**** Source information
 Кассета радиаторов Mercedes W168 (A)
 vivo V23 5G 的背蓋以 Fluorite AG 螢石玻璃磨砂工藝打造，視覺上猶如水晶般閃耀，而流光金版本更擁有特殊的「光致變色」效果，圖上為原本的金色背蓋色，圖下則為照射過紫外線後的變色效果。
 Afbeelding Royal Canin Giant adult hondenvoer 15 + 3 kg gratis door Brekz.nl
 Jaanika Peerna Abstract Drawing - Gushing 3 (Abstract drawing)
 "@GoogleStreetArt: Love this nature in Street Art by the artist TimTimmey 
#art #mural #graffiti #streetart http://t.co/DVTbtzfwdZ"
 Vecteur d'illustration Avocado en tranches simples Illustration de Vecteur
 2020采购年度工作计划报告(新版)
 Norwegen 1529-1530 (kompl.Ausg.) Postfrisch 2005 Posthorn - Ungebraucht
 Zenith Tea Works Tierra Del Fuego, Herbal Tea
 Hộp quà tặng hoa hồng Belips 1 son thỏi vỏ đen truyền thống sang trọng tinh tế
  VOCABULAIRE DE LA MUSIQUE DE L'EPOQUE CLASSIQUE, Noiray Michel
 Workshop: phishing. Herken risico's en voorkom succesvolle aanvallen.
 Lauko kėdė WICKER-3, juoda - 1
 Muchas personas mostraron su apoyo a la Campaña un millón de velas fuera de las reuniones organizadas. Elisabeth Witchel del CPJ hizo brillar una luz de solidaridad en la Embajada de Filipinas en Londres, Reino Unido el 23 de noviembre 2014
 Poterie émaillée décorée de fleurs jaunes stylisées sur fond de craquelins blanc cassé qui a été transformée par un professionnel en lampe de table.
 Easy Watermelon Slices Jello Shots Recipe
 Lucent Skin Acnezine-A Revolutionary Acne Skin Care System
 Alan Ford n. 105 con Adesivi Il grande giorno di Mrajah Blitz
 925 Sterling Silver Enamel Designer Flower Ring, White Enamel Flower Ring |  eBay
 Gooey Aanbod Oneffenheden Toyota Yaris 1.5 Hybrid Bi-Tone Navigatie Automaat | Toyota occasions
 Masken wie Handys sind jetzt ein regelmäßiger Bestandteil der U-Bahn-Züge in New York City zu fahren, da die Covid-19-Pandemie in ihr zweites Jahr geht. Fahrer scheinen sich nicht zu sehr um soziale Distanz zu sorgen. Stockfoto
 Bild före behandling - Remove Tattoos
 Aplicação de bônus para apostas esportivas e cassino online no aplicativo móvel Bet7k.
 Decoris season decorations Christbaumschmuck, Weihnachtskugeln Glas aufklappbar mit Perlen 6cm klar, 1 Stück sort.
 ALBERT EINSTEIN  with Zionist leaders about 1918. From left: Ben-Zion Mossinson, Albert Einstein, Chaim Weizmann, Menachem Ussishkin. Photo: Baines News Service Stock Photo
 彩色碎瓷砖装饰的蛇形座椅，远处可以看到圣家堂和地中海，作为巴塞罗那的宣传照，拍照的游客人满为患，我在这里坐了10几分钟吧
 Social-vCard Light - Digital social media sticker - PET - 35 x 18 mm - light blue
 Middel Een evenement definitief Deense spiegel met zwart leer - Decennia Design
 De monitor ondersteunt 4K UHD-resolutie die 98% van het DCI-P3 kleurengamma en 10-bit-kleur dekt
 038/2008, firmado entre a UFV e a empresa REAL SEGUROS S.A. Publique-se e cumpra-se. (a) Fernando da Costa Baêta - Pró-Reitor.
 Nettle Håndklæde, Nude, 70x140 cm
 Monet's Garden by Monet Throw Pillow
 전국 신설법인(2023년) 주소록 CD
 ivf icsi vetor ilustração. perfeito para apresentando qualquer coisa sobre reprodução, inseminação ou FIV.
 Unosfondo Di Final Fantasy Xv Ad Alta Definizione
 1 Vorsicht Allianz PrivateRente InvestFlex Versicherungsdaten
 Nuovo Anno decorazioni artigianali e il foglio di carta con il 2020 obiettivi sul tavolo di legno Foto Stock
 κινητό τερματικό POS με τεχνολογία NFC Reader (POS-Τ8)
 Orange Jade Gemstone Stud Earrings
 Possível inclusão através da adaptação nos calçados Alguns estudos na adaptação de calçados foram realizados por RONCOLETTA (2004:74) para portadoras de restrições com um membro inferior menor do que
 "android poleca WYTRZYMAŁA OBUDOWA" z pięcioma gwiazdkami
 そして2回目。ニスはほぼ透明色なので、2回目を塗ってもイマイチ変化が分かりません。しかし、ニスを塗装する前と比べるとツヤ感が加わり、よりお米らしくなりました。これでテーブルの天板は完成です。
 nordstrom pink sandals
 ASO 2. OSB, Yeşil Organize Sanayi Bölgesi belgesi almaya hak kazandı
********
Directions ->
Scan the material above for the string "para" and copy every line that has it.

Output for this task ->
 Aplicação de bônus para apostas esportivas e cassino online no aplicativo móvel Bet7k.
 ivf icsi vetor ilustração. perfeito para apresentando qualquer coisa sobre reprodução, inseminação ou FIV.
 Possível inclusão através da adaptação nos calçados Alguns estudos na adaptação de calçados foram realizados por RONCOLETTA (2004:74) para portadoras de restrições com um membro inferior menor do que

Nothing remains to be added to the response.